By Aila Boyd
aboyd@mainstreetnewspapers.com
The Botetourt County Chamber of Commerce held a “Lunch & Learn” event on July 9 at Virginia Mountain Vineyards. The title of the session was “Coaching for Conflict.” It was led by Abrina Schnurman, the executive director of Hollins University’s Batten Leadership Institute, and Amanda Stanley, the CEO of DePaul Community.
Stanley explained that when she first started at DePaul, a nonprofit human services organization, seven years ago, she was new to executive leadership. In order to gain more skills, she decided to enroll in the Batten Leadership Institute. The program offers undergraduate classes and an executive education leadership certificate.
“The experience was transformational in terms of my own learning and how I put it into practice,” she said of the program.
She noted that a large portion of the work that is down at the institute is “below the neck,” training people to feel things on a gut level. “There are so many things you can learn intellectually and never put them into practice,” she said. “The real shining light of the program is its ability to get you to work things out in real life.”
Since graduating from the program, Stanley serves as a distinguished fellow at the institute. She said that she uses examples from her work at DePaul to illustrate leadership strategies. “I’m able to show students what things look like from the perspective of a real job with real people and real problems,” she said.
Stanley explained that she doesn’t know of any leader that doesn’t have to deal with conflict on some level, whether it be directly related to their work or outside conflict that is brought into the organization by the people who are a part of it.
“Conflict is an important topic for anyone breathing in our country right now with all that’s going on, but for business leaders in particular conflict exists within our organizations on many levels,” Stanley said.
She went on to stress to those in attendance that it’s important not to just tolerate conflict on the organizational level, but to leverage it to move their organizations forward.
“Conflict is a much better tool than harmony in getting traction on important things if you know how to artfully work with it,” she said.
To illustrate her point, Stanley pointed to the transition in leadership style that DePaul has embraced from artificial harmony to embracing conflict.

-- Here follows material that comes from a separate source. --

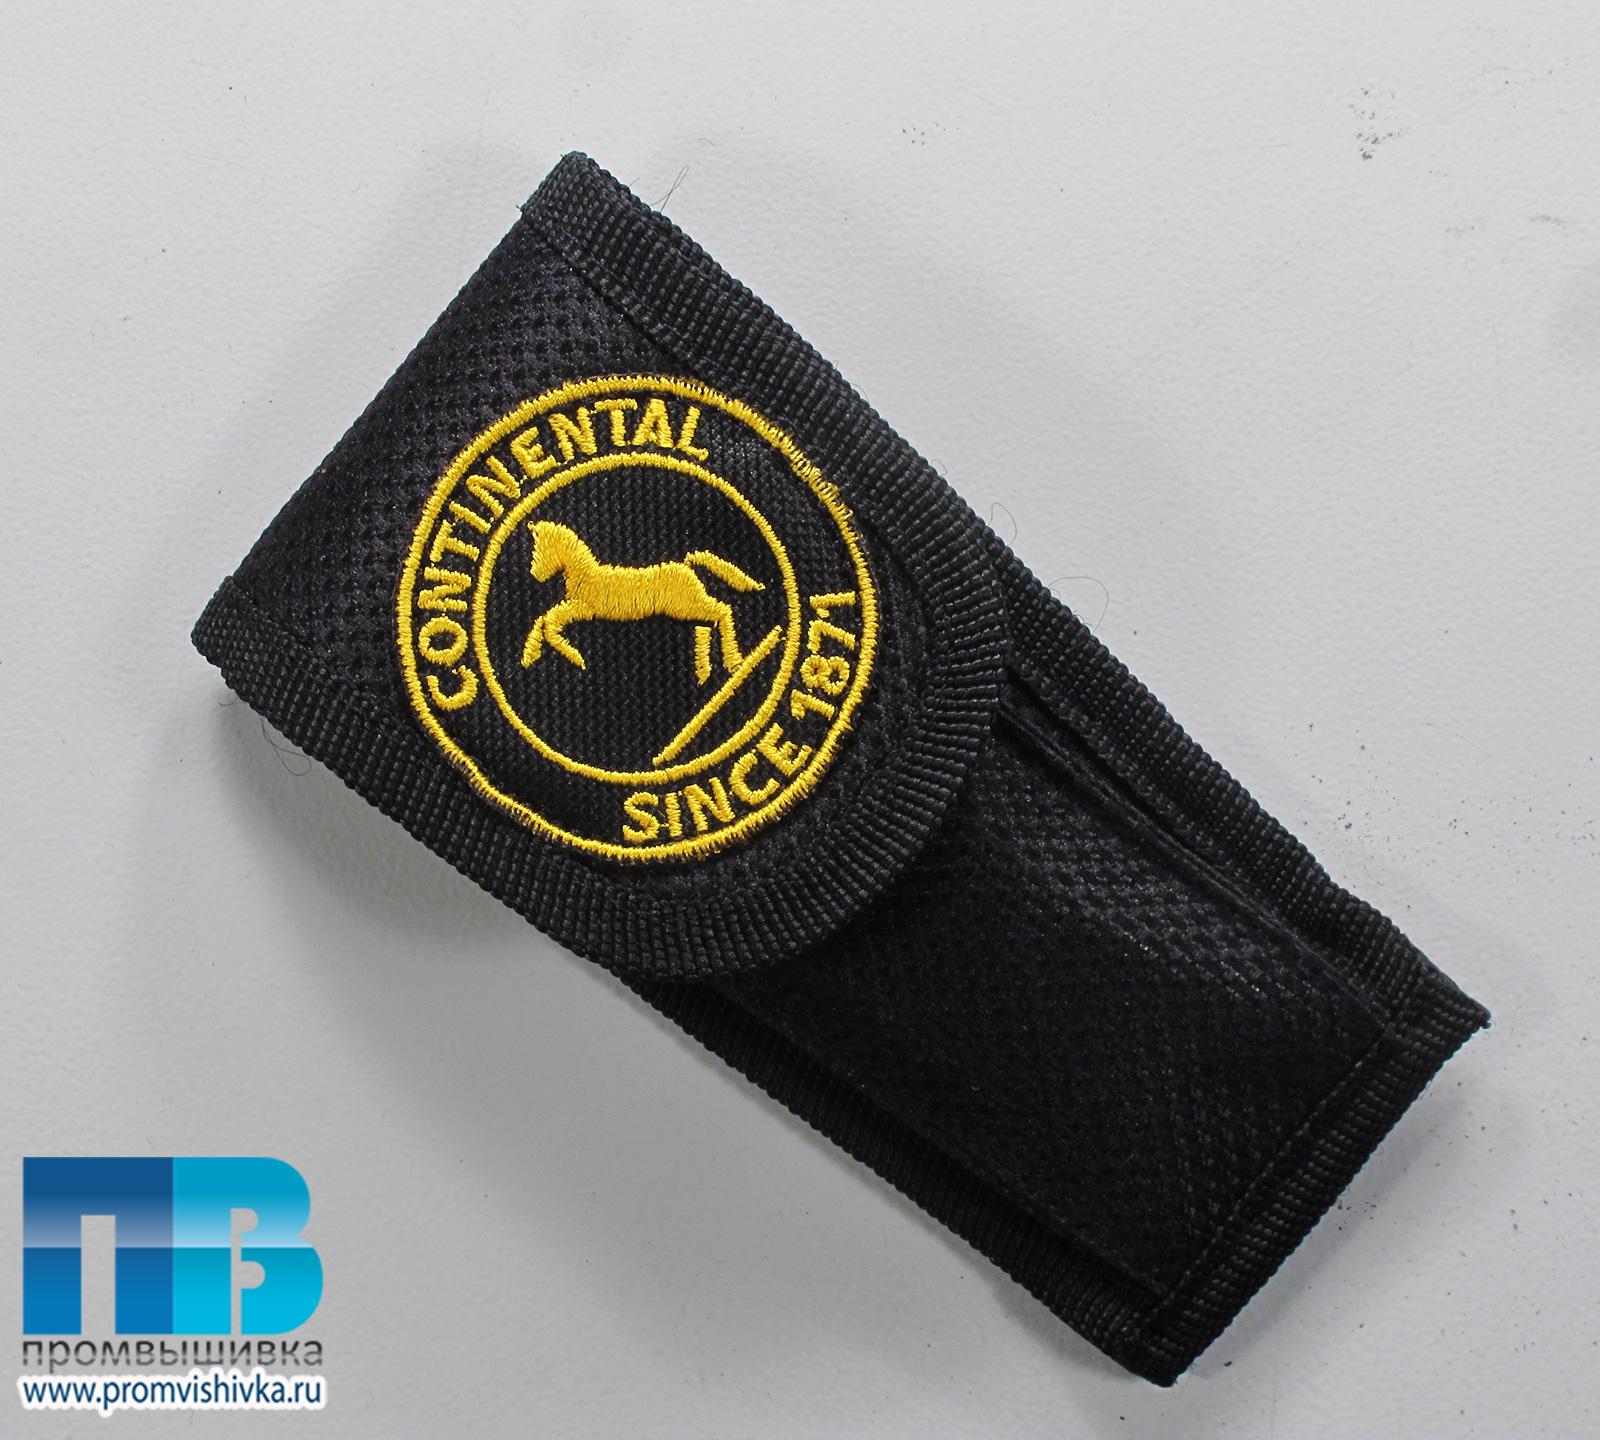 Вышивка на ремнях, кошельках и кожгалантерее 8dc43e96a05

“We were a super supportive team. If someone brought an idea to the table, we would often talk about all of the ways we would support it,” she said. “One of the shifts we’ve made in our culture is that we now recognize the value of conflict. It’s no longer acceptable for someone to bring an idea to the table and there not to be any conflict about it, which requires the perfection of ideas.”
She added that before making the shift in approach, her team had a conversation about how they were going to “fake” the conflict in order to get comfortable disagreeing about ideas. Even if there wasn’t disagreement about an idea, she said, various members of the team would play devil’s advocate just to get used to voicing opposing opinions.